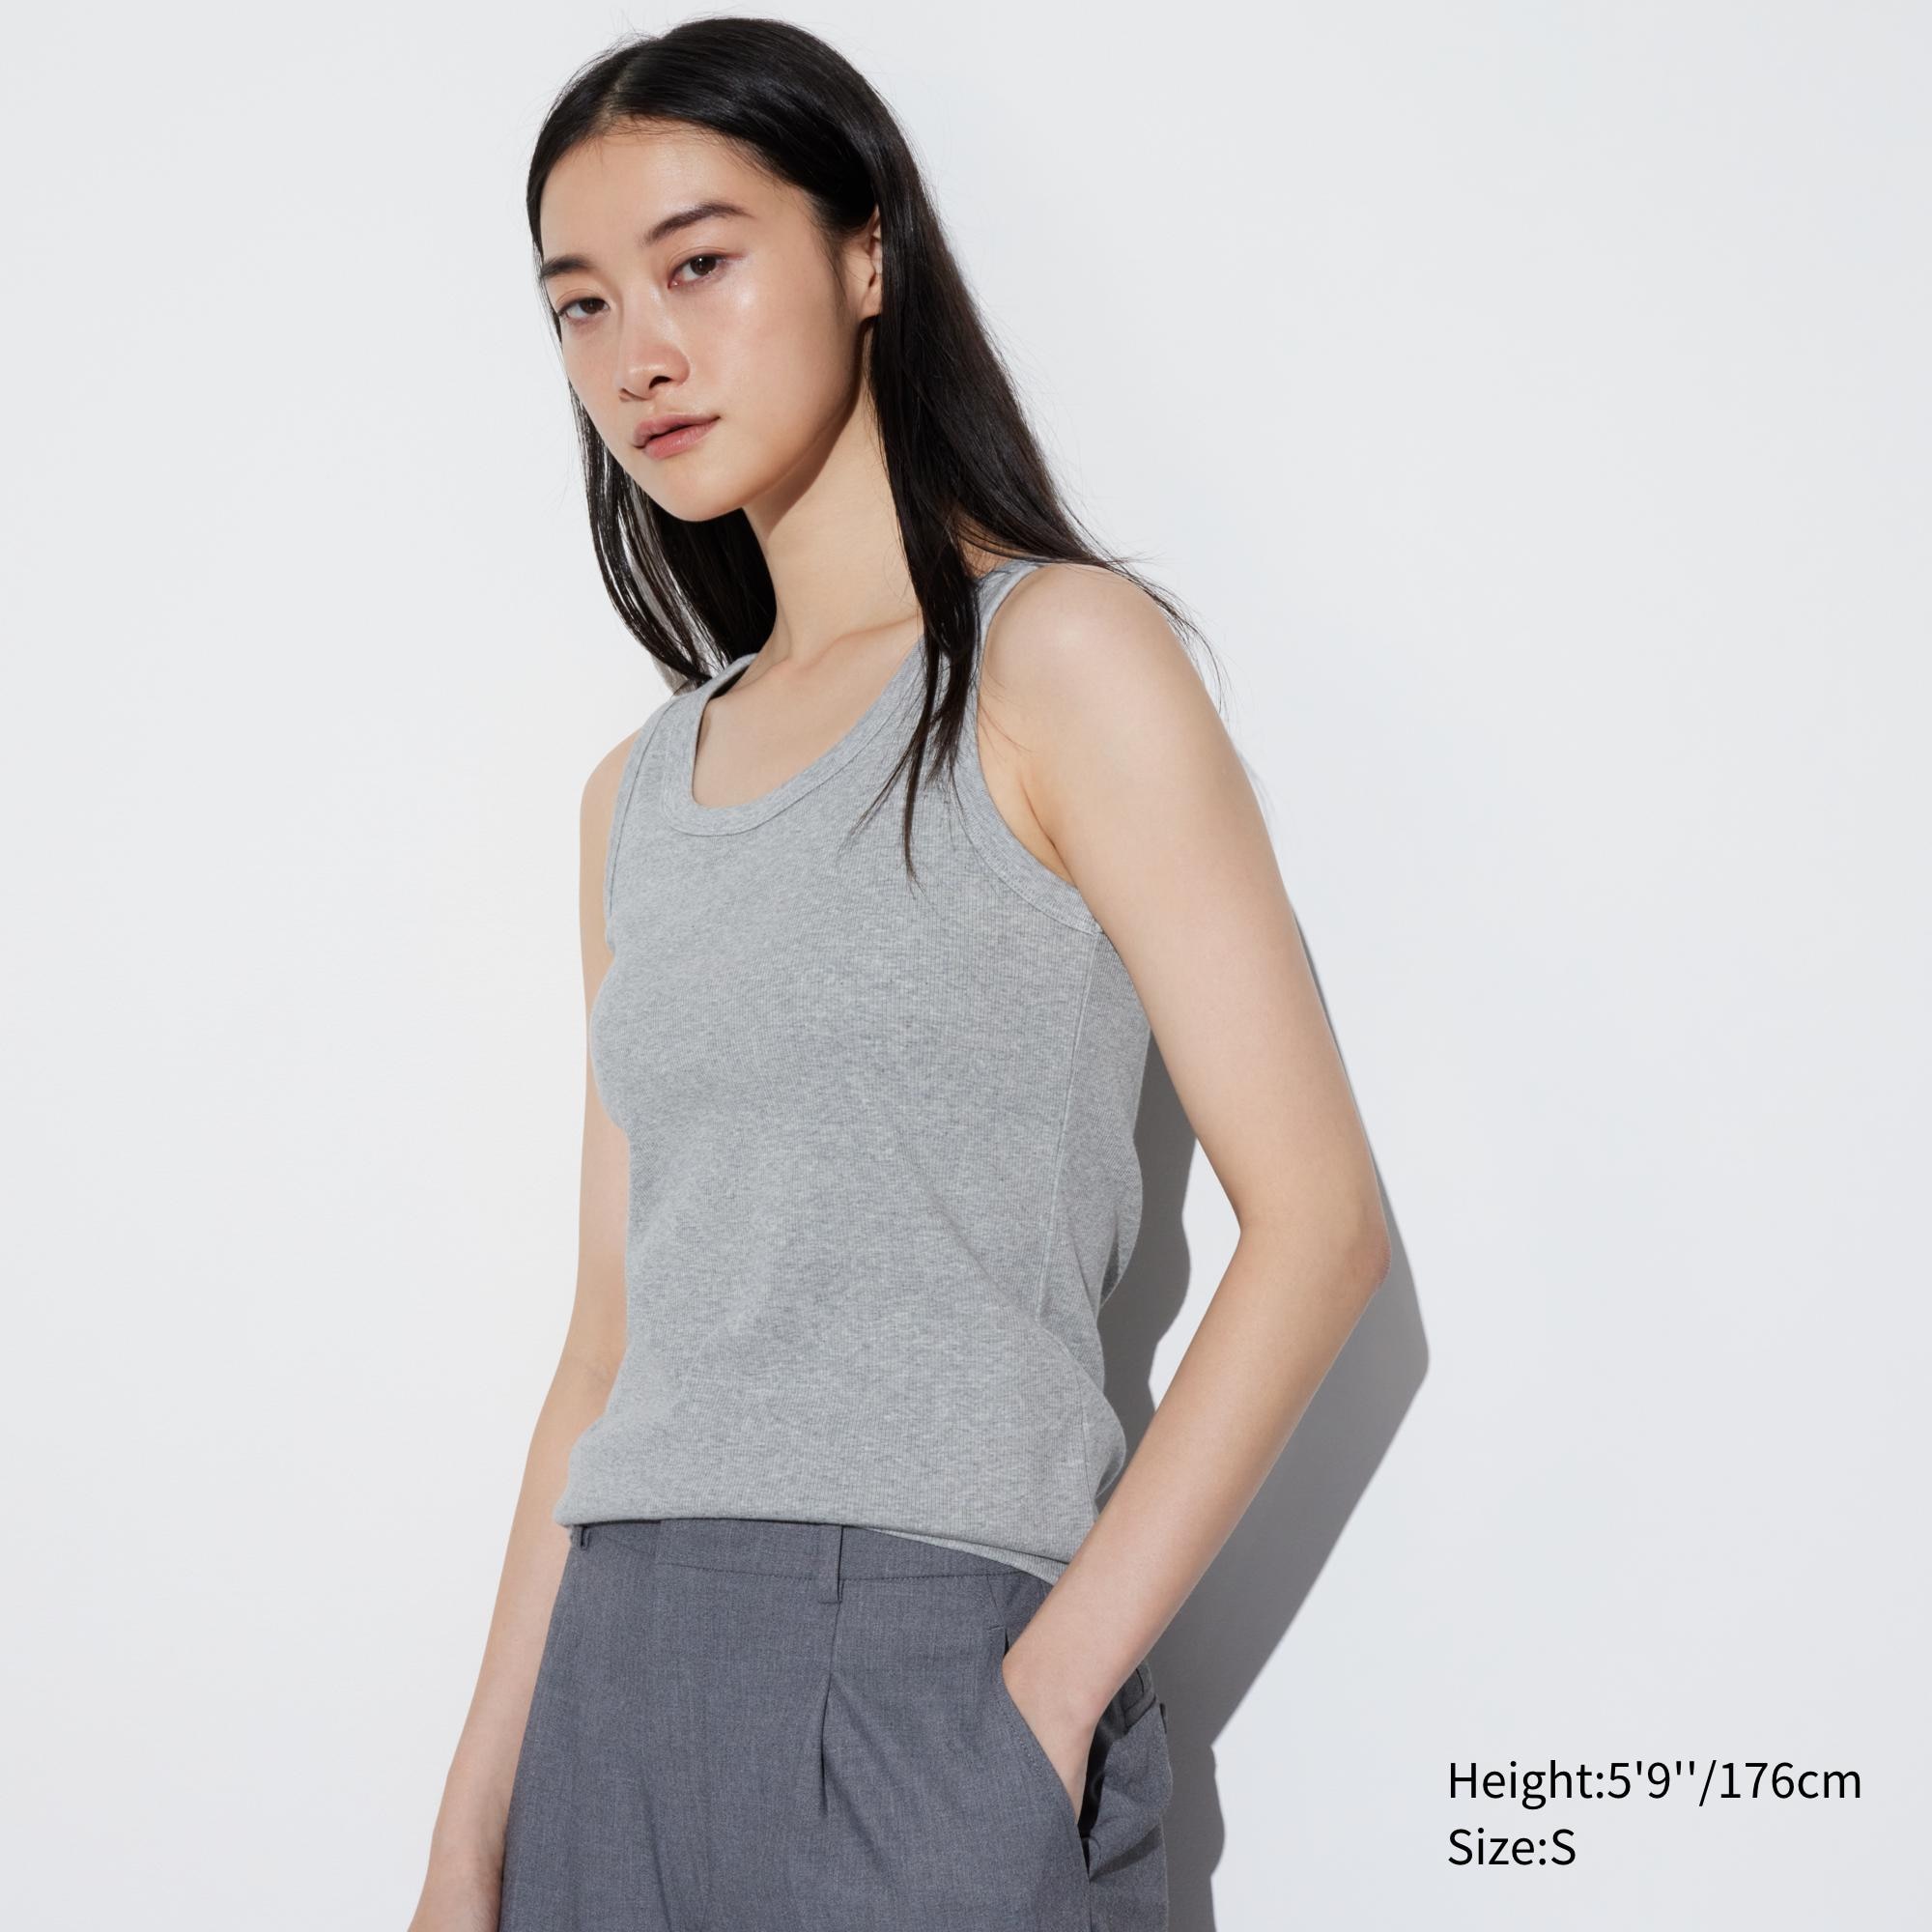 Reviewing the UNIQLO bra tank top 💕 This classic ribbed tank top has
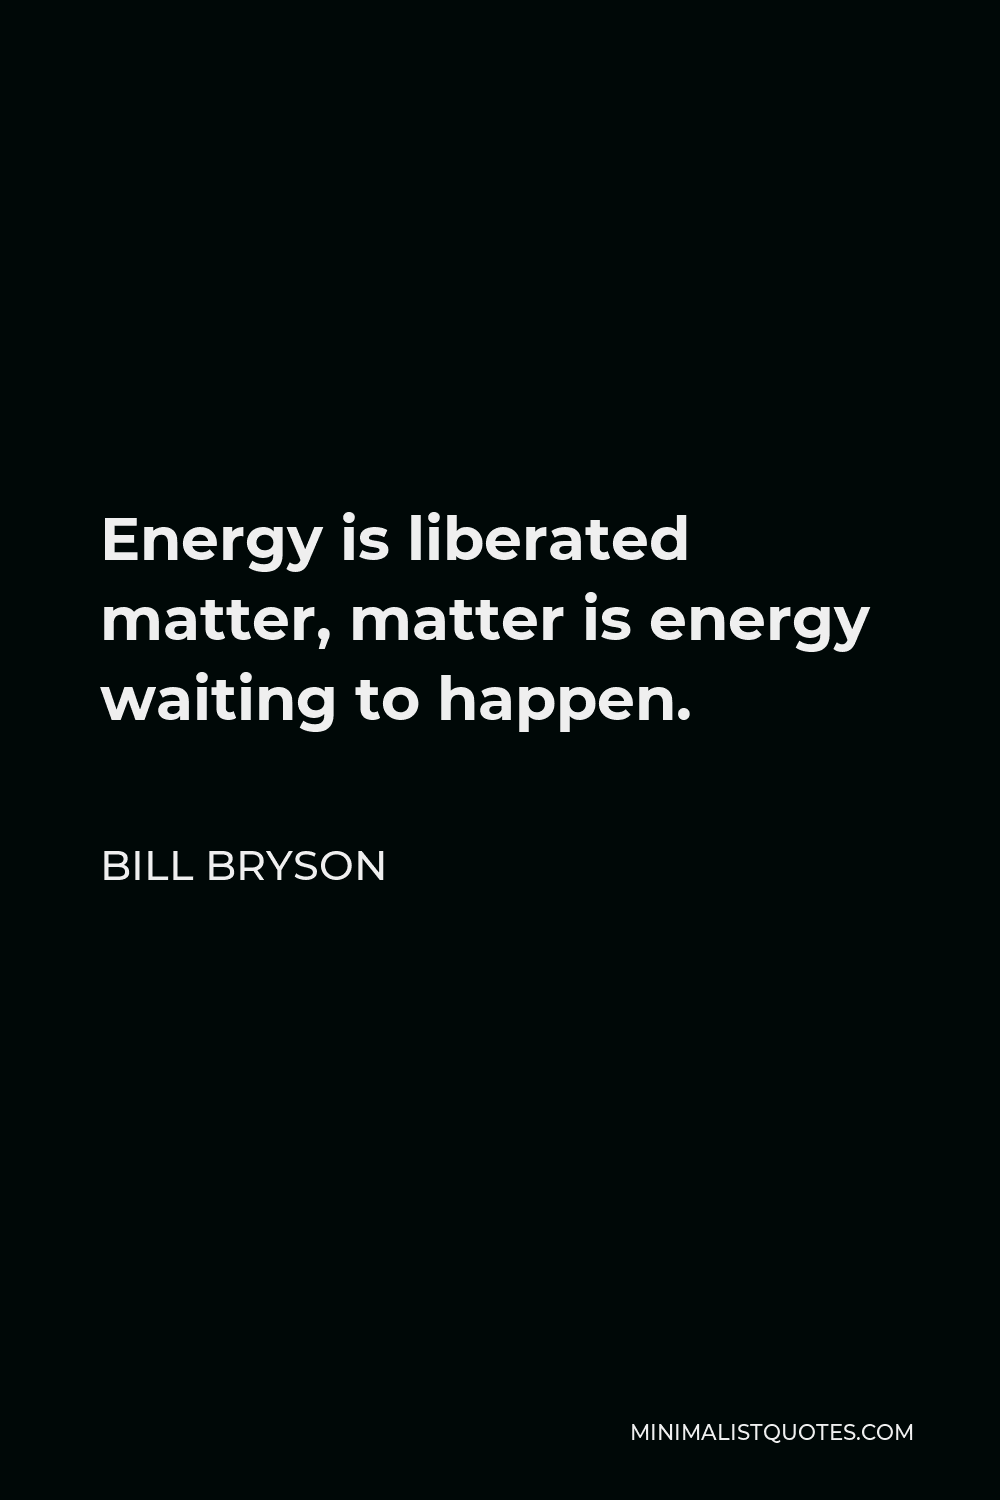 Bill Bryson Quote - Energy is liberated matter, matter is energy waiting to happen.
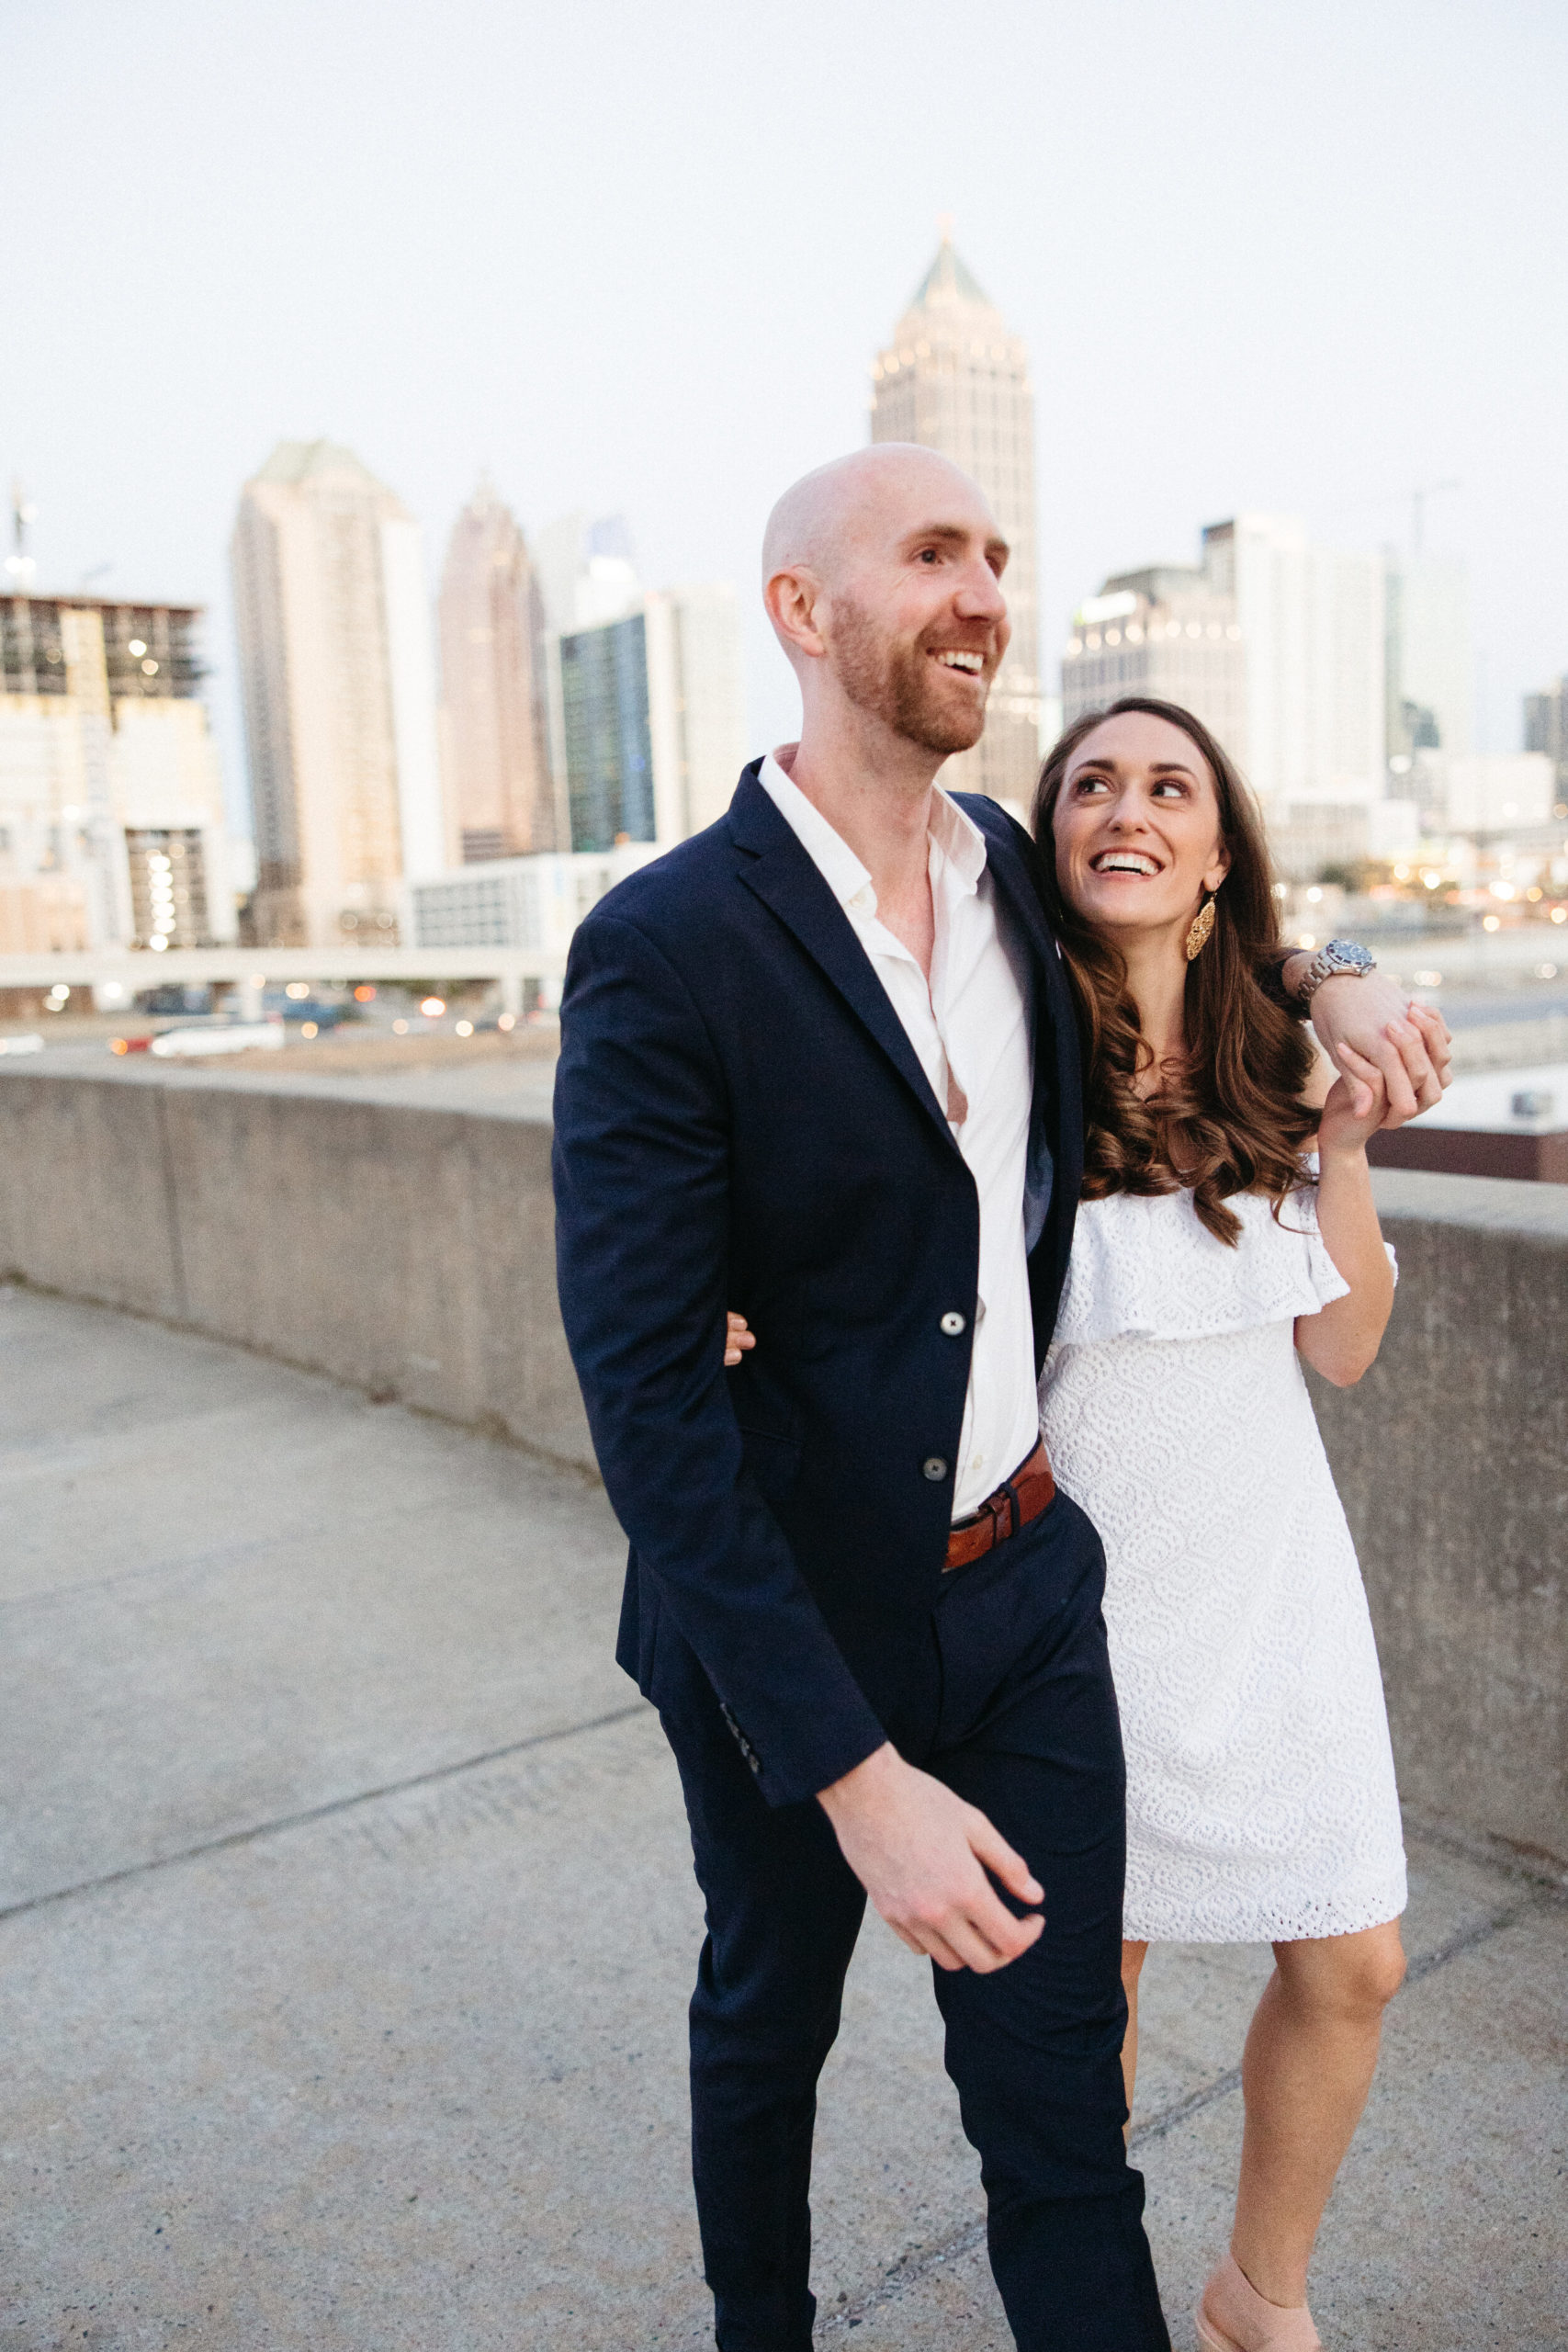 A Day In The Life | from at home to a romp around the city | ATL Engagement Photographer

[WORK REQUIRED]
Every line of the material should be repeated precisely; pictures are to be excluded.

[OUTPUT FOR THIS EXERCISE]
 Reviewing the UNIQLO bra tank top 💕 This classic ribbed tank top has
 Bill Bryson Quote - Energy is liberated matter, matter is energy waiting to happen.
 A Day In The Life | from at home to a romp around the city | ATL Engagement Photographer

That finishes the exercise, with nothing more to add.